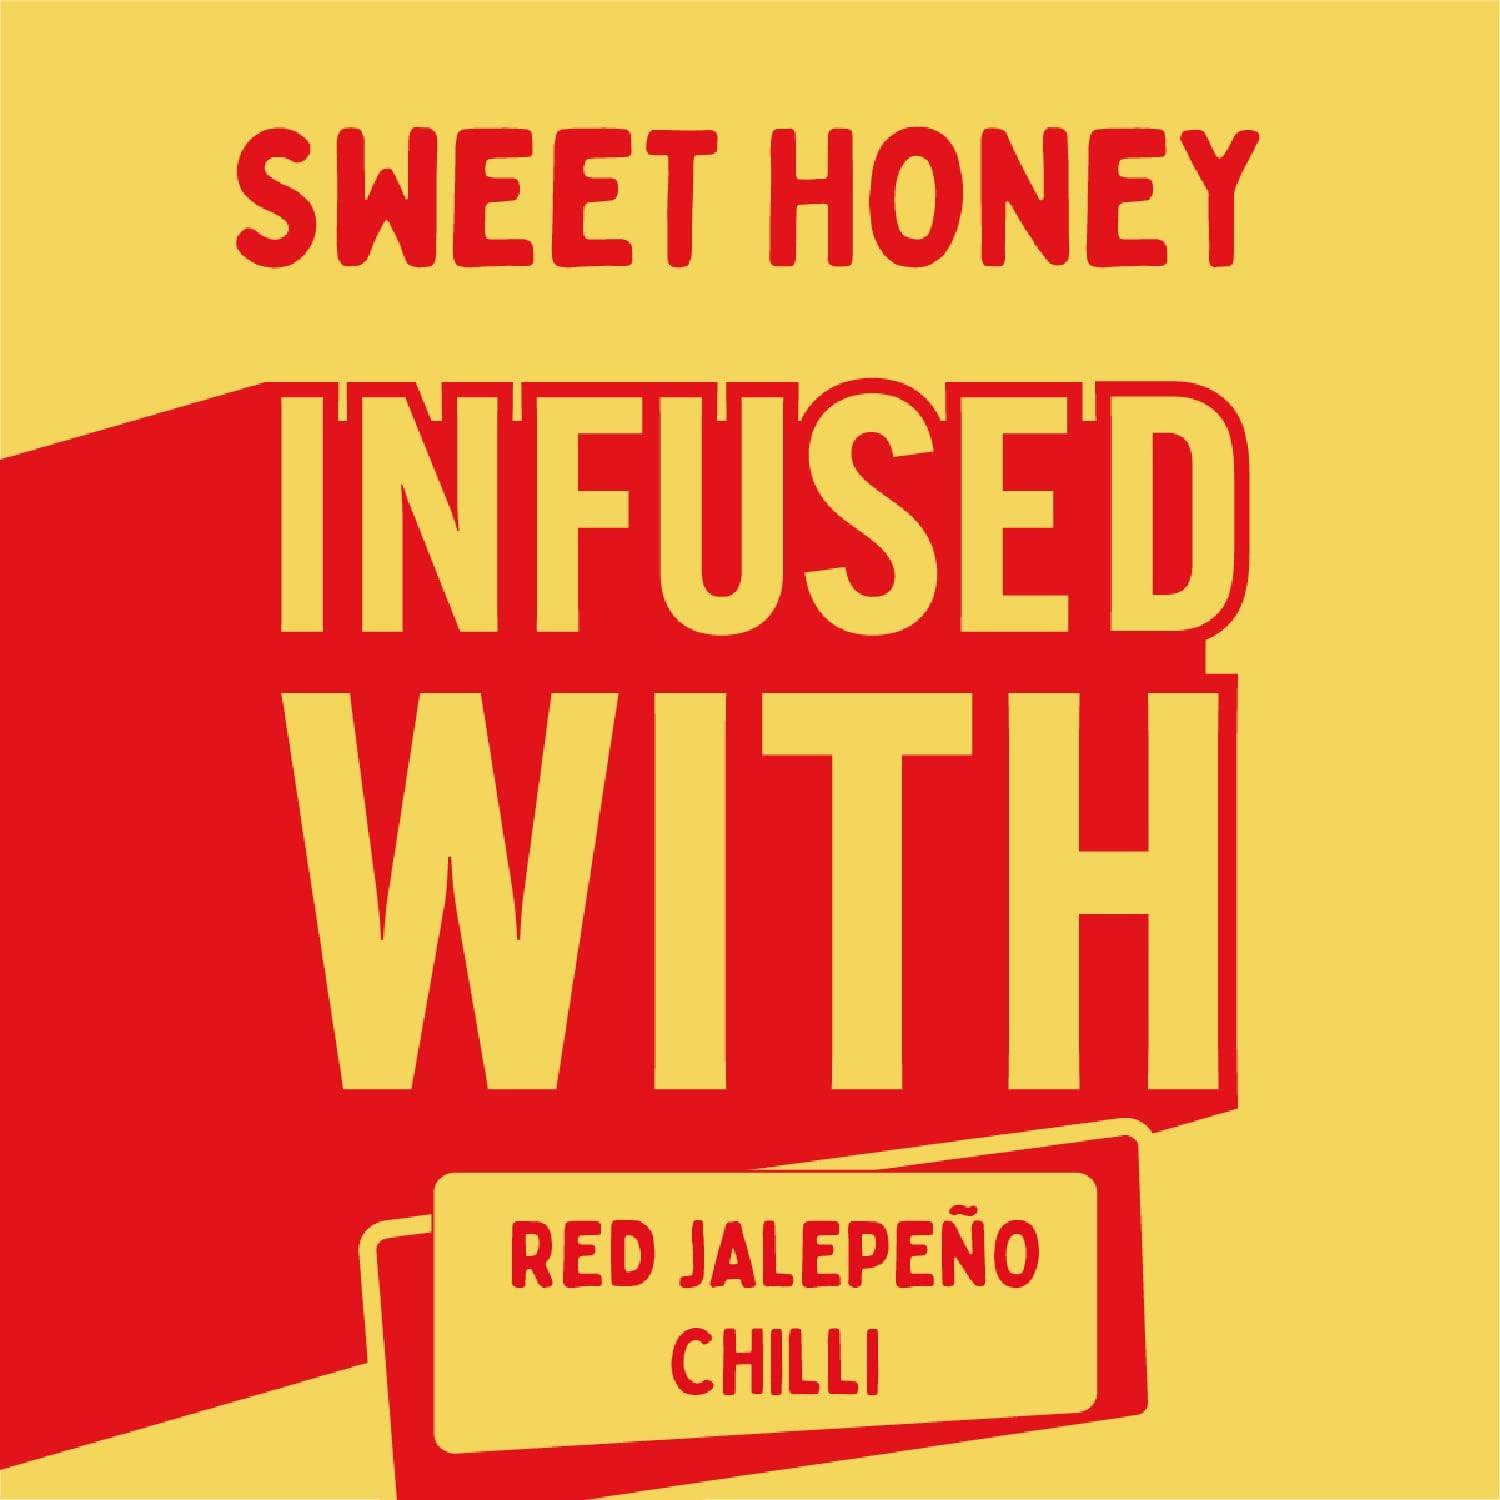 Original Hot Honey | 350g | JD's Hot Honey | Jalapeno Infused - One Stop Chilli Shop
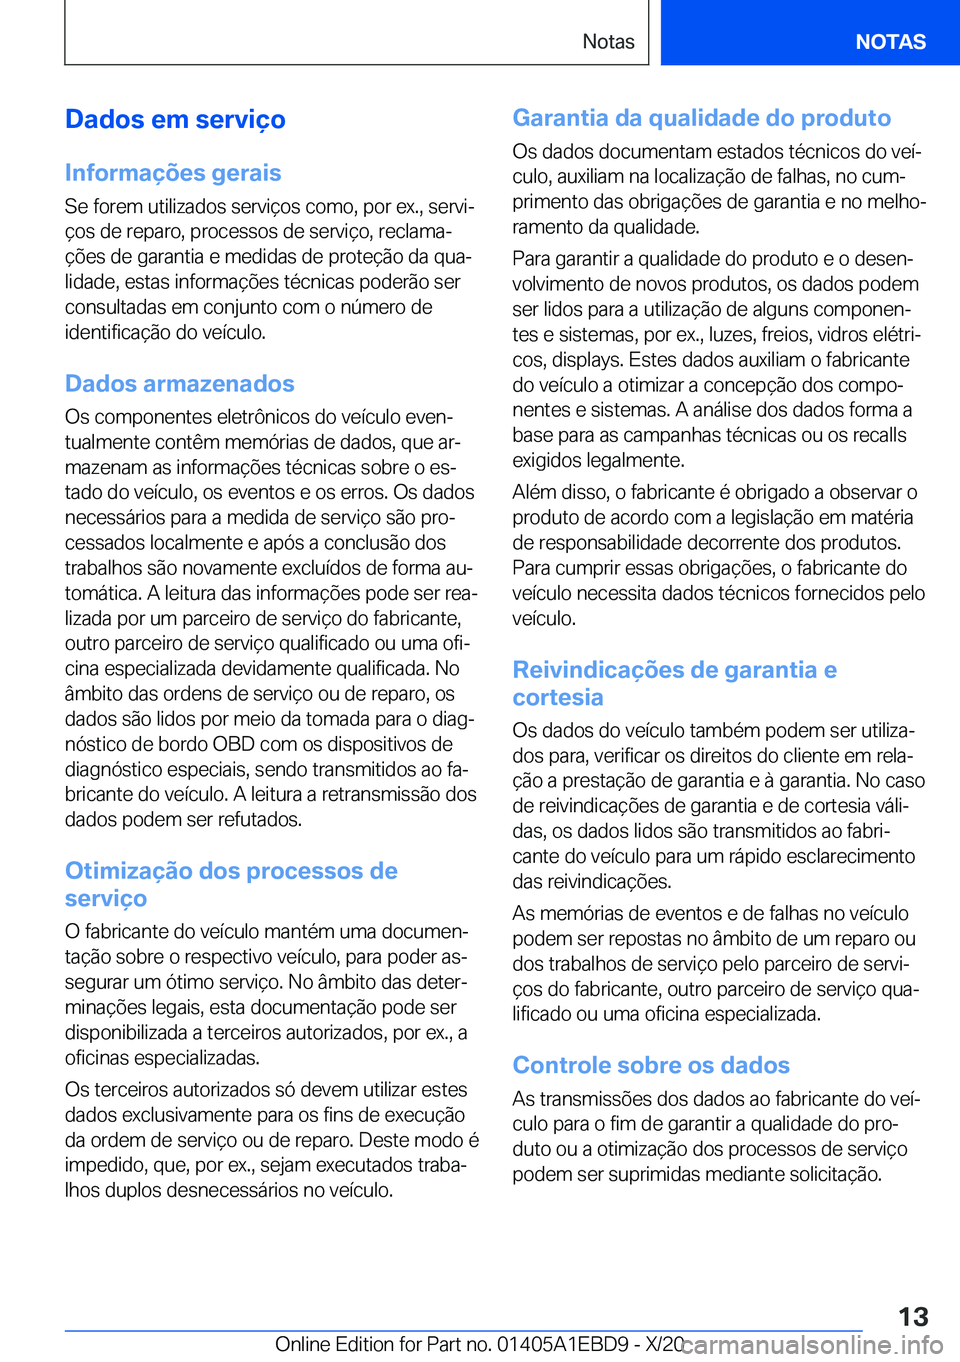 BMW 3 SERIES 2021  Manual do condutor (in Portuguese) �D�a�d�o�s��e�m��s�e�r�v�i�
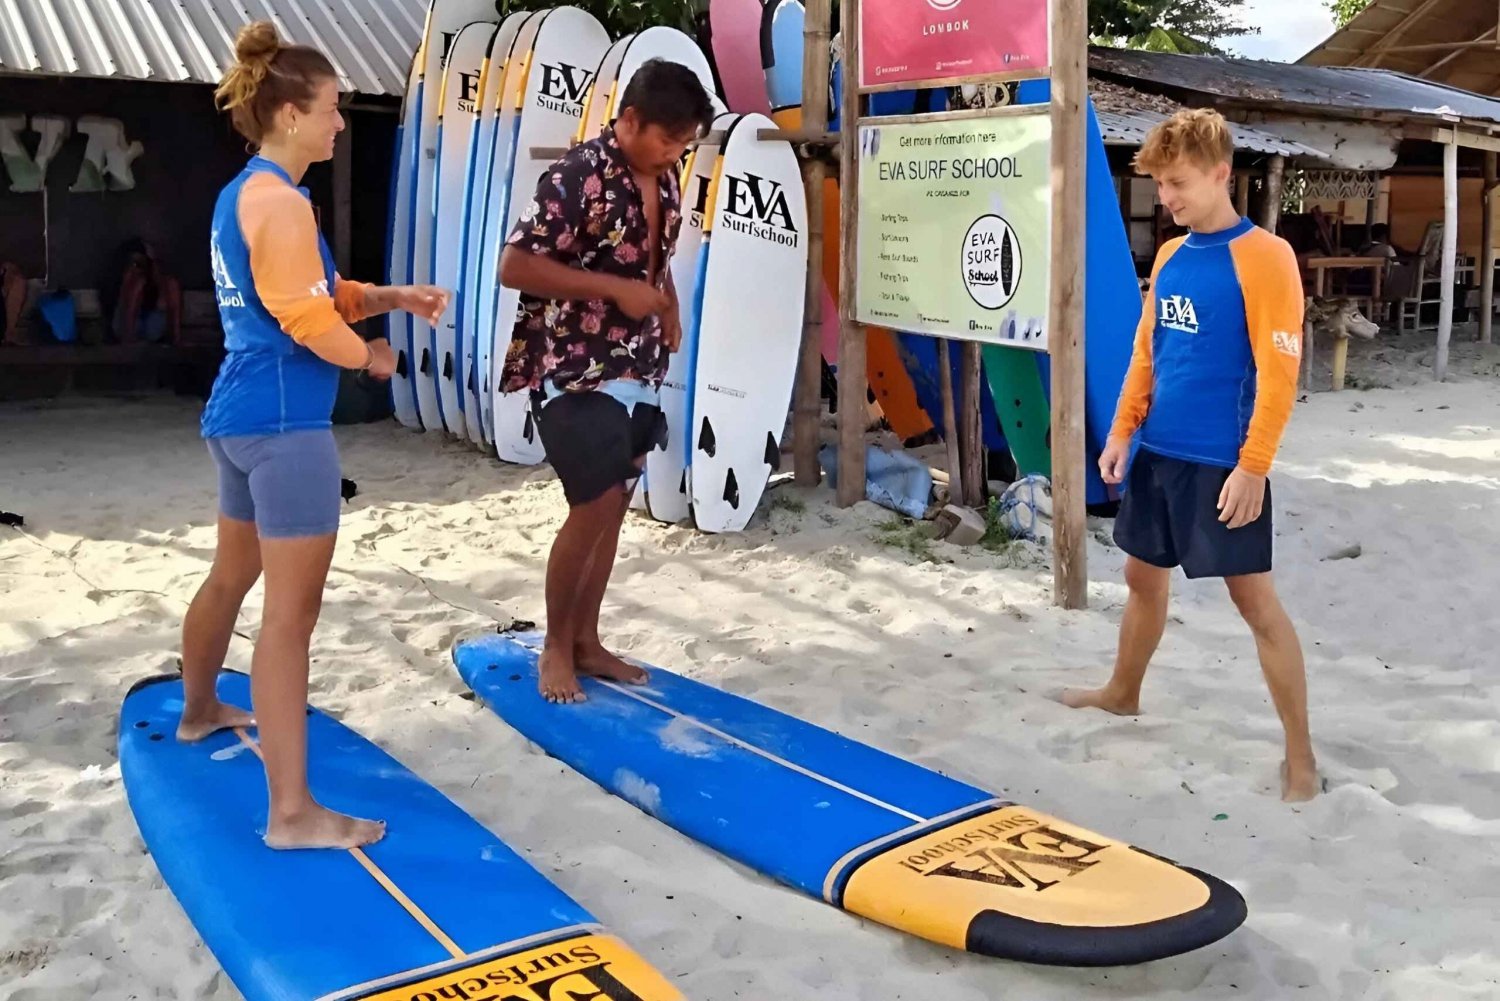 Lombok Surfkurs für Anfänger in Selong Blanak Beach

Activity: Skip the pictures. Return exactly the lines from the one containing "BMW 3 SERIES" through the end of the data above, both included, and nothing besides.

Answer box:
 BMW 3 SERIES 2021  Manual do condutor (in Portuguese) �D�a�d�o�s��e�m��s�e�r�v�i�
 Lombok Surfkurs für Anfänger in Selong Blanak Beach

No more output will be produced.